Exercise: Only lines holding the word "Stock" are wanted from the records; copy all of them.

Records for the task:

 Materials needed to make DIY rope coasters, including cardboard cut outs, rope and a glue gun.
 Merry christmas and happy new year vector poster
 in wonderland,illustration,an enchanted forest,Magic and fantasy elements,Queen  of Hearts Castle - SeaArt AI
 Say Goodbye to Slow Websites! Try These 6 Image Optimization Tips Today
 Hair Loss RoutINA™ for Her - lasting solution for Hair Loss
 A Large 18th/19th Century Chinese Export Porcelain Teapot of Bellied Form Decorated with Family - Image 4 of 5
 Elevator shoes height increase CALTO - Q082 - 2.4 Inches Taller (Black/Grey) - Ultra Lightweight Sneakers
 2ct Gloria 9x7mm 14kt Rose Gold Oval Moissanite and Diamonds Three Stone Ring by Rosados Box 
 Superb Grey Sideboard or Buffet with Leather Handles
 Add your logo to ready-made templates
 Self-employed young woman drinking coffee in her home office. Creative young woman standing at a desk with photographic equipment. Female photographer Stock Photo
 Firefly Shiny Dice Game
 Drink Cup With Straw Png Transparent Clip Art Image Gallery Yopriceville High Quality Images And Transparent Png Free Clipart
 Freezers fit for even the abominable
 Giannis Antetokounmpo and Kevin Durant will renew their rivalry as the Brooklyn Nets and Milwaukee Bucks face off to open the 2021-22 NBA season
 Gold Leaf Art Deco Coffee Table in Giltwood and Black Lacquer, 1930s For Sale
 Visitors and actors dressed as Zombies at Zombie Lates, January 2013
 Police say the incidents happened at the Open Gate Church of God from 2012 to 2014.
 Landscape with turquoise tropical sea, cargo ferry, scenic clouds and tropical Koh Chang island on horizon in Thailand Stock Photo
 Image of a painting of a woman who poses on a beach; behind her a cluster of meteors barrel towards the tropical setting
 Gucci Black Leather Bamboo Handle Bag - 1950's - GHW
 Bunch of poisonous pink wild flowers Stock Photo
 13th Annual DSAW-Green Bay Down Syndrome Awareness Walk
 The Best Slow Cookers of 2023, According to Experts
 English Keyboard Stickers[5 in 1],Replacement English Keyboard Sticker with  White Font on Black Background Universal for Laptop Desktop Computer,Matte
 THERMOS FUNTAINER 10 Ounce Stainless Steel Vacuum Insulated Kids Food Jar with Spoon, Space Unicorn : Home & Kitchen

Task response:
 Self-employed young woman drinking coffee in her home office. Creative young woman standing at a desk with photographic equipment. Female photographer Stock Photo
 Landscape with turquoise tropical sea, cargo ferry, scenic clouds and tropical Koh Chang island on horizon in Thailand Stock Photo
 Bunch of poisonous pink wild flowers Stock Photo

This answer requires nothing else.